To fine-tune the larger Gemma 7B, a distributed setup is useful, for example a TPUv3 with 8 TPU cores that you can get for free on Kaggle, or an 8-GPU machine from Google Cloud. Here is how to configure the model for distributed training, using model parallelism:

device_mesh = keras.distribution.DeviceMesh(
   (1, 8), # Mesh topology
   ["batch", "model"], # named mesh axes
   devices=keras.distribution.list_devices() # actual accelerators

# Model config
layout_map = keras.distribution.LayoutMap(device_mesh)
layout_map["token_embedding/embeddings"] = (None, "model")
layout_map["decoder_block.*attention.*(query|key|value).*kernel"] = (
   None, "model", None)
layout_map["decoder_block.*attention_output.*kernel"] = (
   None, None, "model")
layout_map["decoder_block.*ffw_gating.*kernel"] = ("model", None)
layout_map["decoder_block.*ffw_linear.*kernel"] = (None, "model")

# Set the model config and load the model
model_parallel = keras.distribution.ModelParallel(
   device_mesh, layout_map, batch_dim_name="batch")
gemma_lm = keras_nlp.models.GemmaCausalLM.from_preset("gemma_7b_en")
# Ready: you can now train with or generate text with generate()
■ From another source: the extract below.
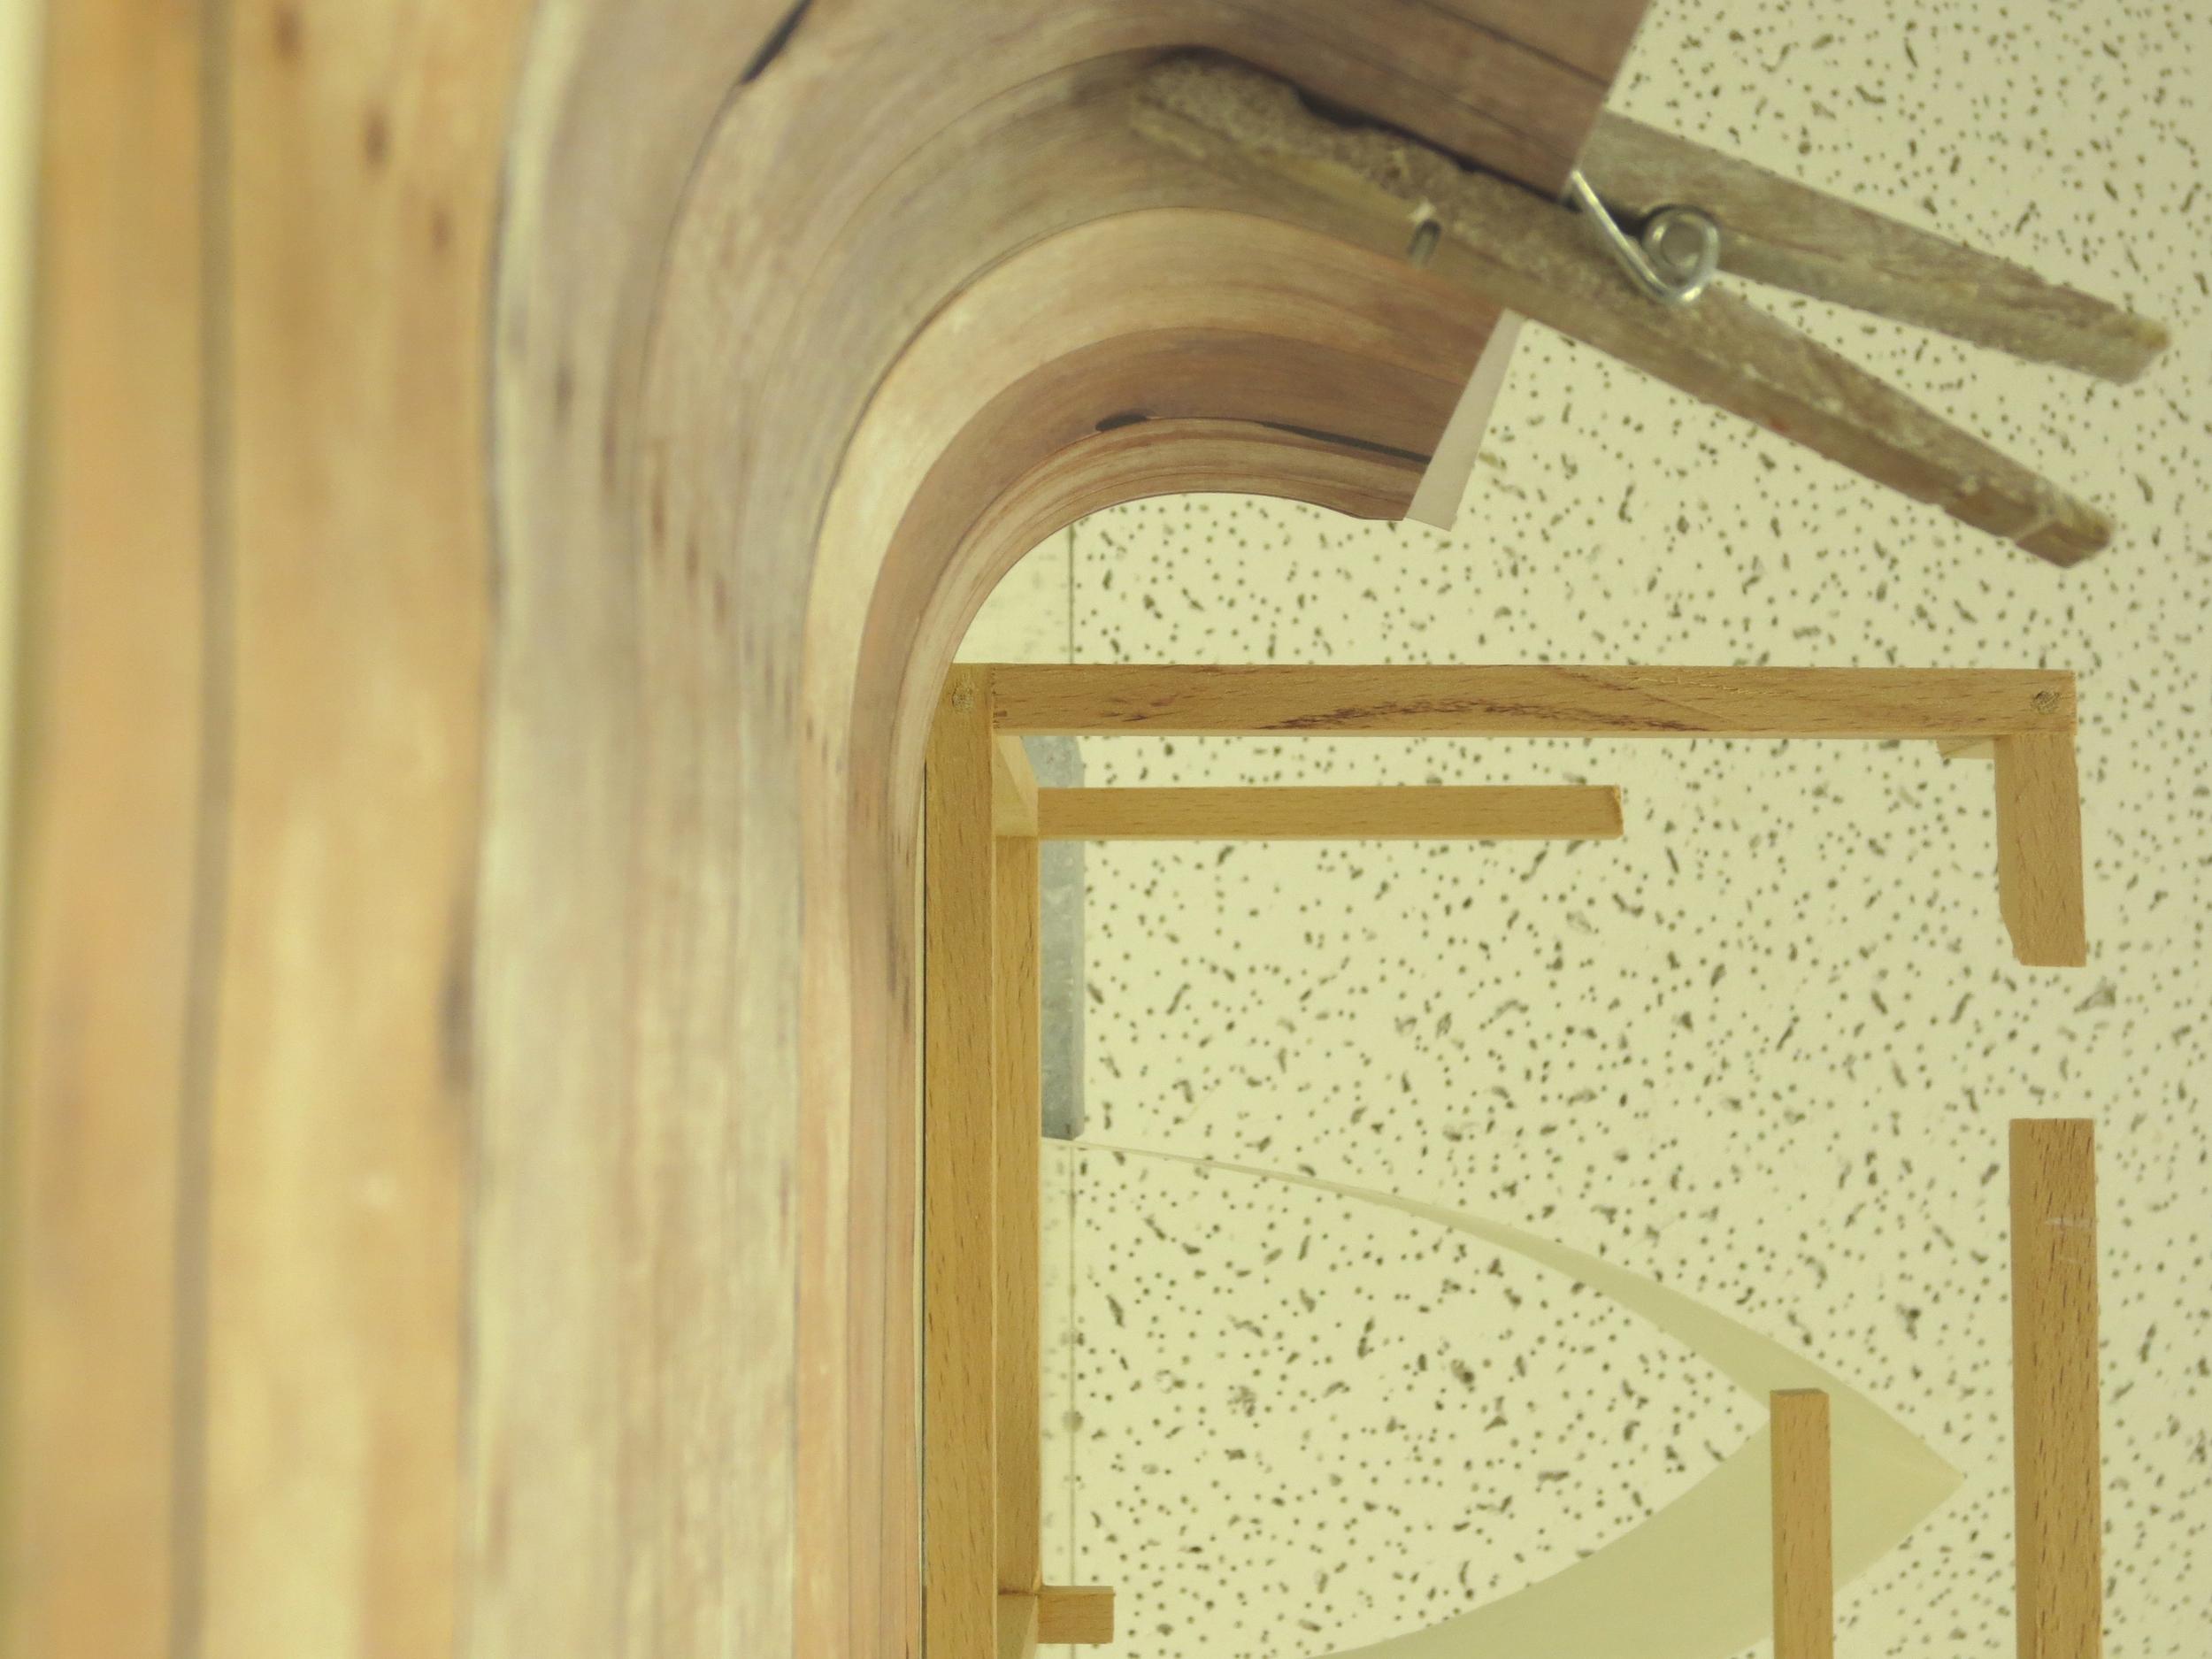 Ceiling tile, Birch, fiber glass, tile, paper, paperclip. 2013

What this code snippet does is set up the 8 accelerators into a 1 x 8 matrix where the two dimensions are called “batch” and “model”. Model weights are sharded on the “model” dimension, here split between the 8 accelerators, while data batches are not partitioned since the “batch” dimension is 1.

Try it out here: Fine-tune Gemma models on multiple GPUs/TPUs.

What’s Next

We will soon be publishing a guide showing you how to correctly partition a Transformer model and write the 6 lines of partitioning setup above. It is not very long but it would not fit in this post.

You will have noticed that layer partitionings are defined through regexes on layer names. You can check layer names with this code snippet. We ran this to construct the LayoutMap above.

# This is for the first Transformer block only,
# but they all have the same structure
tlayer = gemma_lm.backbone.get_layer('decoder_block_0')
for variable in tlayer.weights:
 print(f'{variable.path:<58}  {str(variable.shape):<16}')

Full GSPMD model parallelism works here with just a few partitioning hints because Keras passes these settings to the powerful XLA compiler which figures out all the other details of the distributed computation.

We hope you will enjoy playing with Gemma models. Here is also an instruction-tuning tutorial that you might find useful. And by the way, if you want to share your fine-tuned weights with the community, the Kaggle Model Hub now supports user-tuned weights uploads. Head to the model page for Gemma models on Kaggle and see what others have already created!